Coculture of CD4 T cells with platelets led to an inhibition of their proliferation, that was higher in ITP than in controls (66.6% [53.2-77.3] vs. 47.4% [28.6-55.6], p=0.01). There was also an induction of Th17 cells in presence of platelets (1.9% [1.2-2.4] to 3.3% [2.0-4.6], p=0.01), while Th1 and Th2 percentages remained stable. Platelets also promoted the expression of inhibitory molecules by CD4 T cells, such as TGF-β (0.9% [0.7-1.2] to 3.9% [2.9-5.7], p=0.002) and CTLA-4 (3.9% [2-6] to 9.2% [6.6-24.1], p=0.001). Finally, platelets induced regulatory T cell differentiation (2.4% [1.1-4.0] to 7.7% [4.6-12.0], p=0.002).

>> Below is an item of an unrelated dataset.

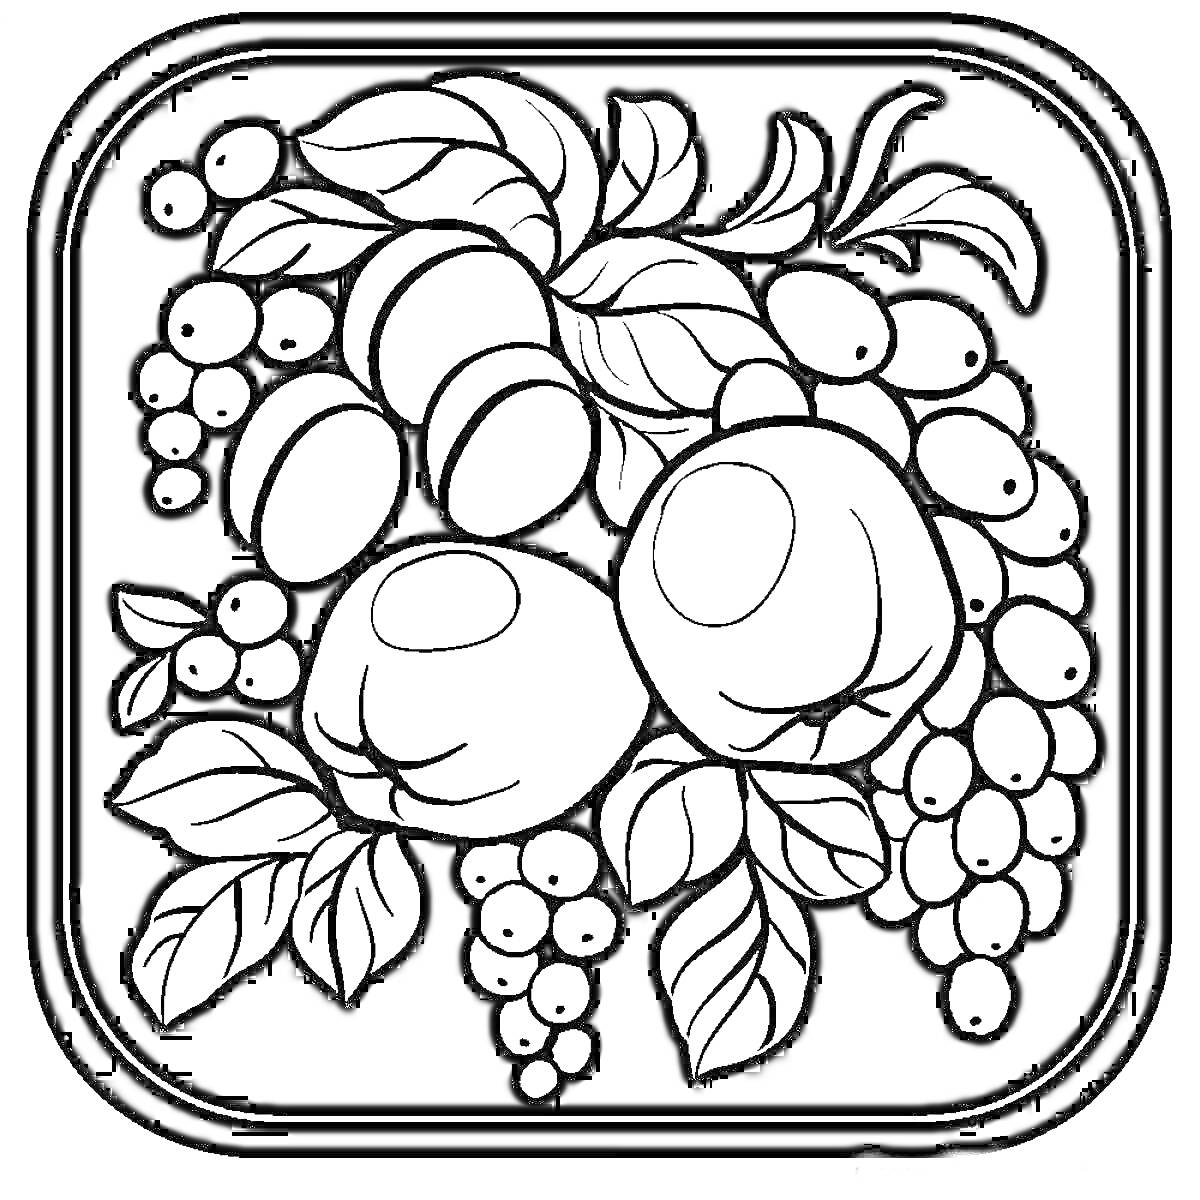 Жостовская роспись с цветами и фруктами, листья, веточки, бутоны, ягоды, плоды

Conclusion. The proportions of activated platelets, together with platelets expressing pro- and anti-inflammatory markers are increased in ITP. In vitro, platelets promote a Th17 skewing. However, this is associated with increased expression of the inhibitory molecules CTLA-4 and TGF-β by CD4 T cells, as well as increased differentiation toward regulatory T cells, arguing for a global inhibitory effect, as supported by the inhibition of CD4 T cell proliferation. Given the reduced platelet count in ITP, this effect is most probably abrogated, suggesting that low platelet count might contribute to the pro-inflammatory CD4 T cell response in ITP. On the other hand, normalization of platelet count upon therapies might directly participate to remission by restoring immune tolerance.